Difference between Test Epoch WER/CER and Inference WER/CER with DeepSpeech 0.7.4

Hello,

I am noticing differences in predicted transcripts at test time vs using the inference utilities with the same model and scorer.

For example. At the end of test time I get the report of Test WER and CER. It also displays the best WER, median WER and worst WER. It also displays some example files.

WER: 1.500000, CER: 1.500000, loss: 564.514343
 - wav: file:////tmp/external/atc_data/020918LIVE_NonStop_KDAB_CLEARANCE_GROUND_Daytona_Beach_FL_Tower_Communication.mp3_chunk003.mp3_split_files/audio_segment_615.wav
 - src: "riddle four forty four maintain at or below three thousand"
 - res: "one four daytona clearance maintain vfr at or below three thousand departure frequency one two five point squack four two four one"
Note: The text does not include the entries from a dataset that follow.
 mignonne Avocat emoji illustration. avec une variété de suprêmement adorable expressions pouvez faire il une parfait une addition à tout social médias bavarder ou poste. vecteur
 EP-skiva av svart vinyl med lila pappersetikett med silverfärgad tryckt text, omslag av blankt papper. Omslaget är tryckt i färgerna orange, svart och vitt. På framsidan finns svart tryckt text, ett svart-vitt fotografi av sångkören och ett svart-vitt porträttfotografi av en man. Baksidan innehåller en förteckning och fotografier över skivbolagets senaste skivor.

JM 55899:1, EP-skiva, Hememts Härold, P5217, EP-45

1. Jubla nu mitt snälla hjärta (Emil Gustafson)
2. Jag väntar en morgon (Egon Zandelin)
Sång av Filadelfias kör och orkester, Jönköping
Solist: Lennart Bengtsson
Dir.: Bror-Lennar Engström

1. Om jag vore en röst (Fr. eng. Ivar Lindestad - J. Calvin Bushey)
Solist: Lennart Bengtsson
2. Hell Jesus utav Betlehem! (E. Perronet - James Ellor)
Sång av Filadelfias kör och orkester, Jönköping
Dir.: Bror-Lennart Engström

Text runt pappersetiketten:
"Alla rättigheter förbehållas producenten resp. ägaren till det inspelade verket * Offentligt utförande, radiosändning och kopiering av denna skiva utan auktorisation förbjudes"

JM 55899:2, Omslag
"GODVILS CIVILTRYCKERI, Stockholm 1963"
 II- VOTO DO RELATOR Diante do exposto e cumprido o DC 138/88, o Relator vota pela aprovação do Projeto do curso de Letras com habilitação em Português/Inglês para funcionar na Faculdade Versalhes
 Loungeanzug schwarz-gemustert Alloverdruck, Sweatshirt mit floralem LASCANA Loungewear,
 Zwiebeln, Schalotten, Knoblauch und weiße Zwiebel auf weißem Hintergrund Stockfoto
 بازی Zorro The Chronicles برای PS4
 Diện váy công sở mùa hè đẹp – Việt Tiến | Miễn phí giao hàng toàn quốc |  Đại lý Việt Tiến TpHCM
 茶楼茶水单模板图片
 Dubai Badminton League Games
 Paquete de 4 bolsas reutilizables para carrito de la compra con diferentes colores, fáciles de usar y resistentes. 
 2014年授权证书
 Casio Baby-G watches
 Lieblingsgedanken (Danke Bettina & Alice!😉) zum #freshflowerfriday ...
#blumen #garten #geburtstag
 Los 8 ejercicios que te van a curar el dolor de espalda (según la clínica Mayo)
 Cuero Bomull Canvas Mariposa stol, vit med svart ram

Now running the client.py tool with the model.pbmm that was produced in the above training and the same scorer that was used in the --scorer_path training argument. Also, leaving beam_width and lm_alpha and lm_beta as their defaults from the model and scorer respectively I receive different results:

Loading model from file ..\data\external\model_storage\atc_model_8_10_2020_30epochs_v9.pbmm
TensorFlow: v1.15.0-24-gceb46aae58
DeepSpeech: v0.7.4-0-gfcd9563f
2020-08-11 12:10:06.577643: I tensorflow/core/platform/cpu_feature_guard.cc:142] Your CPU supports instructions that this TensorFlow binary was not compiled to use: AVX2
Loaded model in 0.0574s.
Loading scorer from files ..\data\external\scorer_storage\new_kenlm_atc_order6_topk1500.scorer
Loaded scorer in 0.0116s.
Running inference.
in we four daytona clearance maintain vfr at or below three thousand departure frequency one two five point it squack four two four one

Why is the result from inference different than what is produced at Test time? Is there a variation of results from the inference tool vs the results at the end of testing due to beam_width hyperparameter, etc? I am viewing the inference tool as my final assessment of each model I train (I have an edited client version that gives me WER and CER as it infers) but I want to understand these differences so I can ultimately assess my model with the true WER and CER.

Thanks!

In the example it seems only the first words are hit? is that right?

Yeah in this example. After looking at the source file I believe the test time result is more accurate (I believe the transcriber made an error on this particular file so maybe not the best example).

Regardless of the error in transcription, Is there a reason for the different predictions at test time and inference?

No, except we got some random people complaining about first word being wrong in some cases, but nobody cared enough to share more actionable items.

Some people reported that hacking the library and adding some white noise for a few dozen / hundred ms before the actual audio was helping.

I actually append 100ms of silence to beginning and end of all of my files.

I’m not as worried about the first word being wrong right now. This is just a single example. It is able to predict other transcripts just fine.

I am just trying to understand why client.py is giving me different inference than what is displayed at test time.

Fine-tuning is actually doing quite well on my data (I only have about 3.5 hours of training data atm in this domain anyways, results are still around 20-30% WER/CER after training for 30 epochs and using my own scorer with varying hyperparameters) and it can produce some lengthy sentences in a very ugly domain (air traffic control) so I am quite pleased with DeepSpeech at the moment.

Looking back it looks like it happens at the end of this transcript too.

From test epoch:
"one four daytona clearance maintain vfr at or below three thousand departure frequency one two five point squack four two four one"

From client.py:
"in we four daytona clearance maintain vfr at or below three thousand departure frequency one two five point it squack four two four one"

Looks like it inserts the word "it" before "squack" in the client version too.